KIN

A woman stuck in lockdown planted a vineyard and waited four years.

Tuesday, June 23, 2026

Stuck home in lockdown, a South African woman planted 1,400 vines by hand and tended them four years before the first harvest. Paul knew that long middle well.

Let us not be weary in doing good, for we will reap in due season, if we don't give up.

Galatians 6:9

When the world shut down in 2020, a twenty-seven-year-old in South Africa named Natasha Jacka got stuck at her parents' house, her winemaking studies suspended, with nothing much to do. She stood at a window looking at the garden and imagined vines there. So she planted some. Fourteen hundred of them, squeezed into two blocks of her parents' yard, by hand. Then came the part the lockdown could not speed up. It took four years of tending, with no wine to show for it, before the first harvest. She did all of it herself, down to stomping the grapes. When her first bottles finally arrived, the critics were stunned. One called the whole thing a triumph of hope over good sense.

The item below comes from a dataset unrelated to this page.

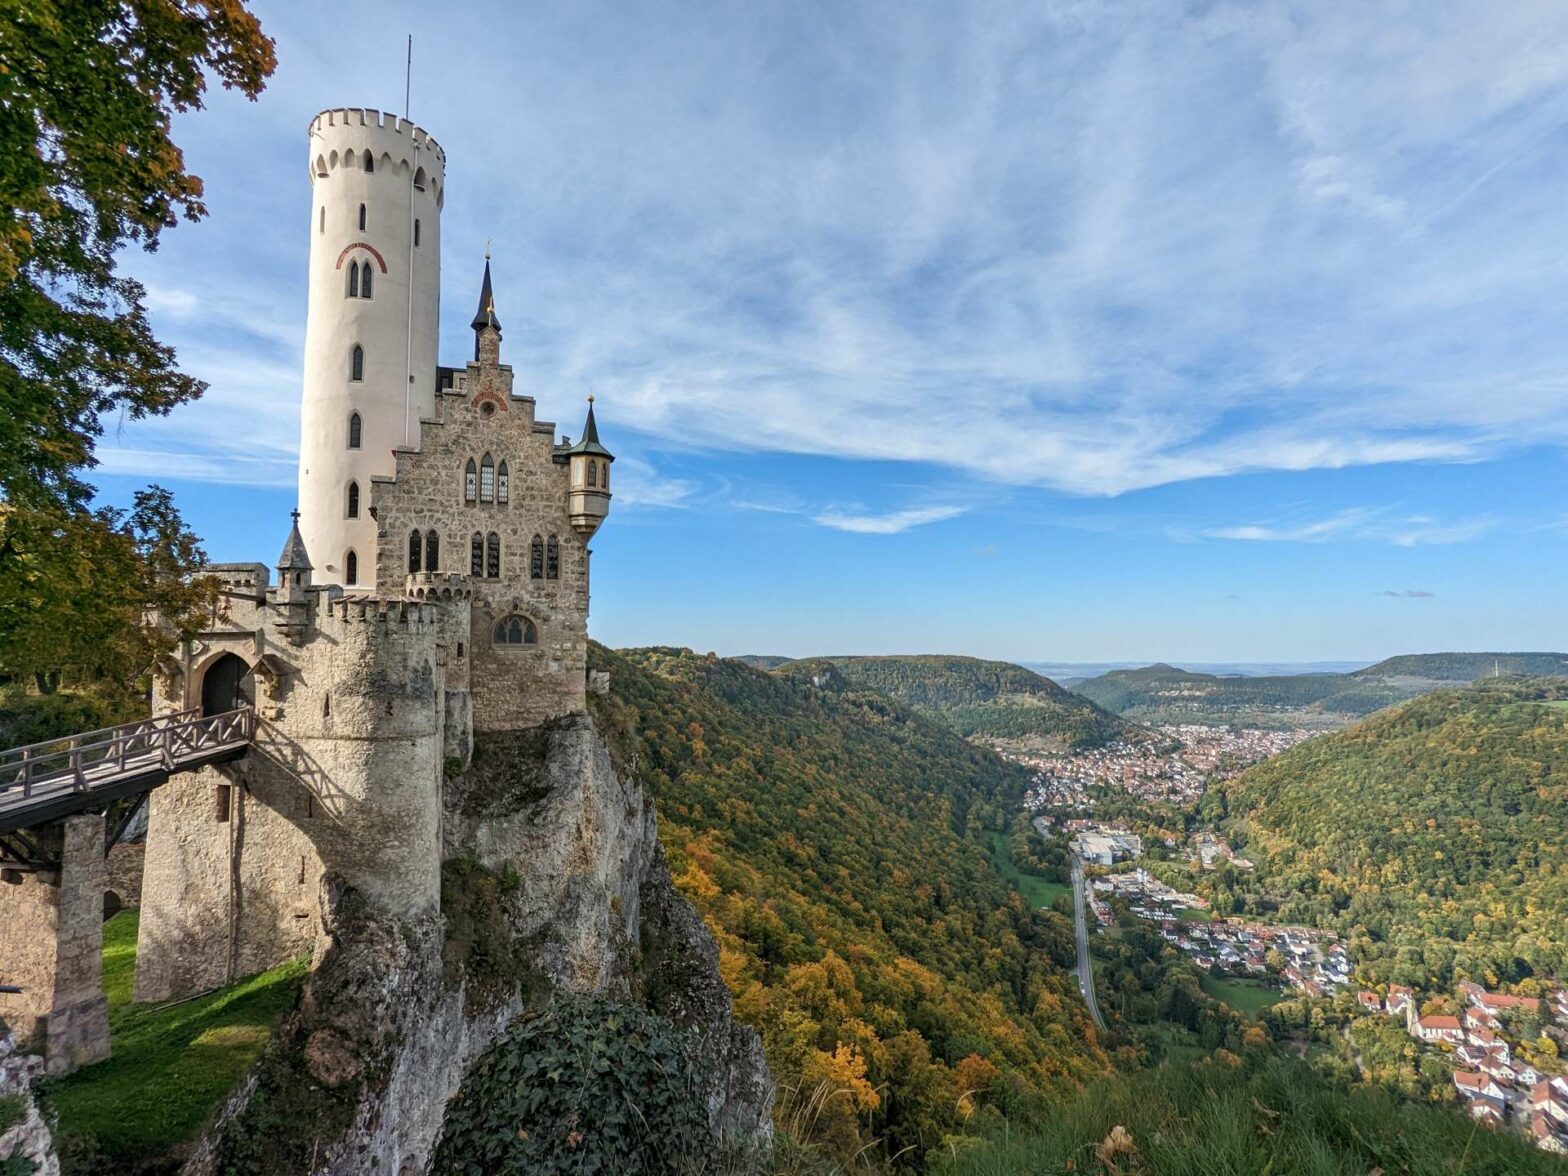 Lichtenstein Castle, Swabia, Germany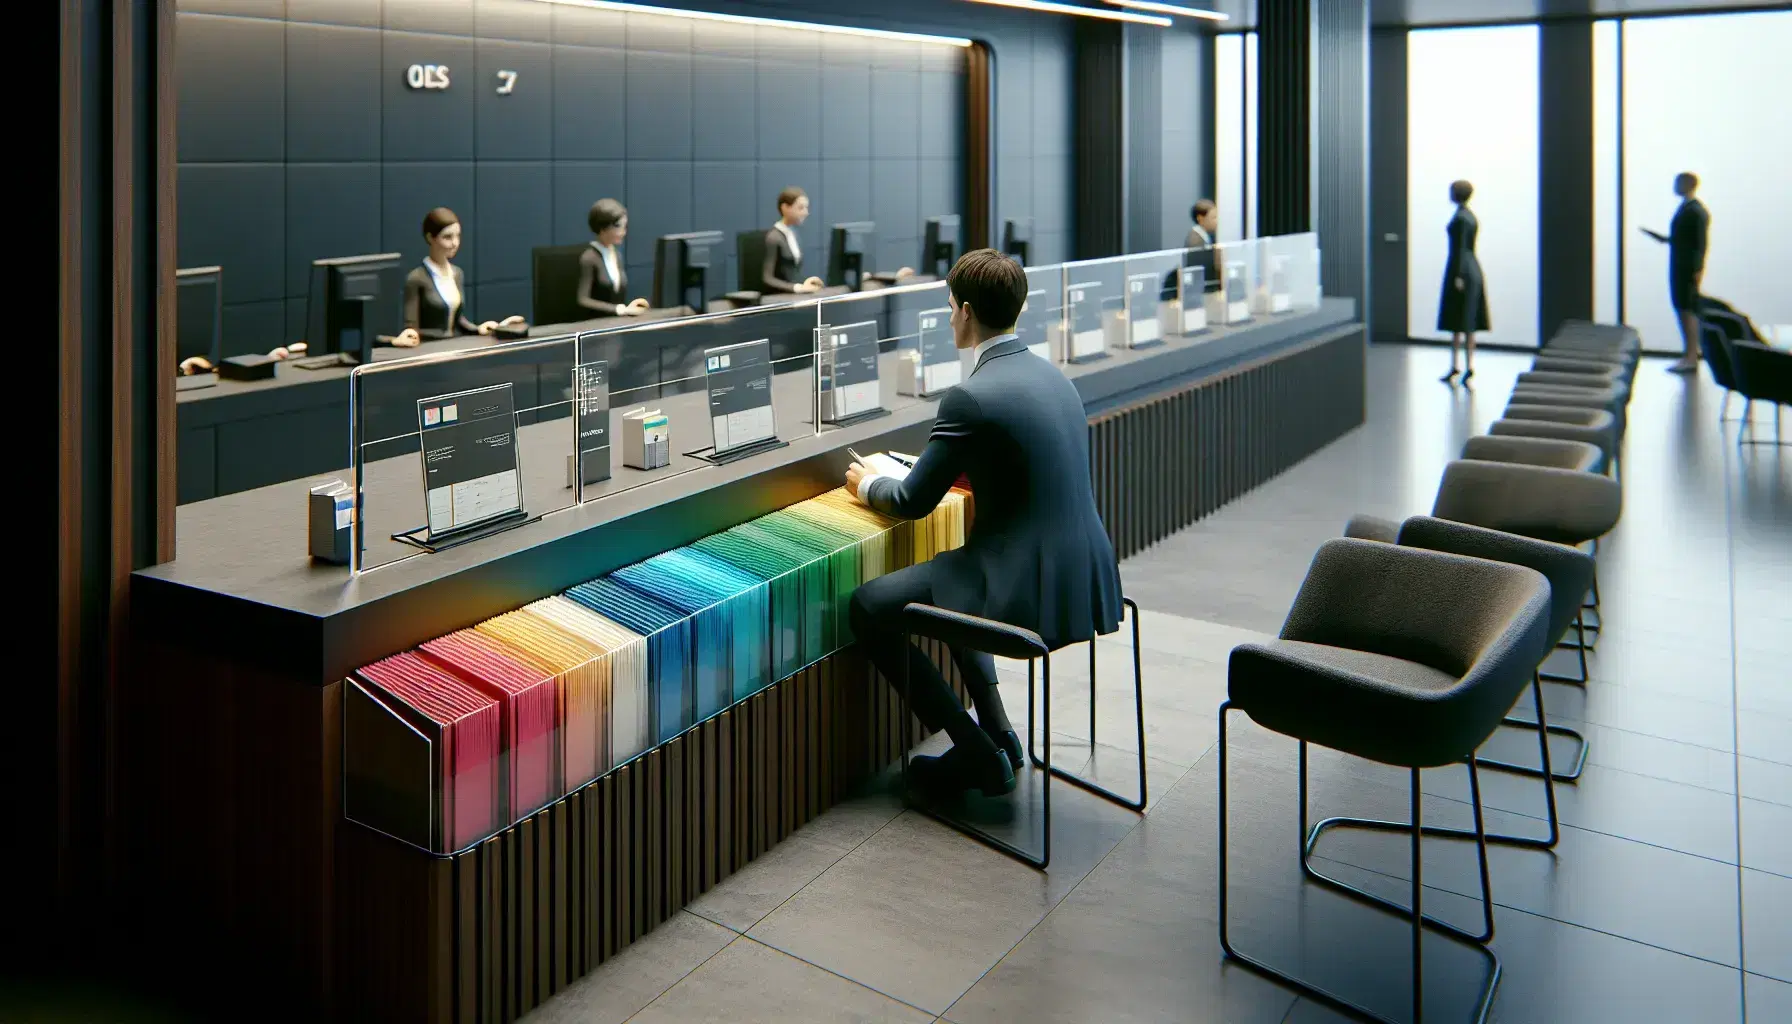 Escena de sucursal bancaria con folletos de colores en soporte acrílico, empleado en traje azul y ventanillas de atención al cliente.

There is a line in one of Paul's letters for exactly the long middle of a thing like that. Let us not grow weary in doing good, he writes, for in due season we will reap, if we do not give up. Notice the order. The reaping is real, but it comes at the end, in its own season, not ours. Everything before it is the unglamorous part: the planting, the watering, the years when the rows look like nothing and no one would blame you for quitting.

Almost every good thing is built this way. A marriage, a craft, a child raised, a faith kept. You plant it in a season you did not choose, often a hard one, and then comes the long stretch where you simply do not stop. The harvest, when it finally comes, looks sudden to everyone who did not watch the four quiet years. The work was hidden the whole time it was working.

She could have spent that lockdown waiting for it to end. Instead she put something in the ground. The vines did the rest, in their own time, the way most things worth having do.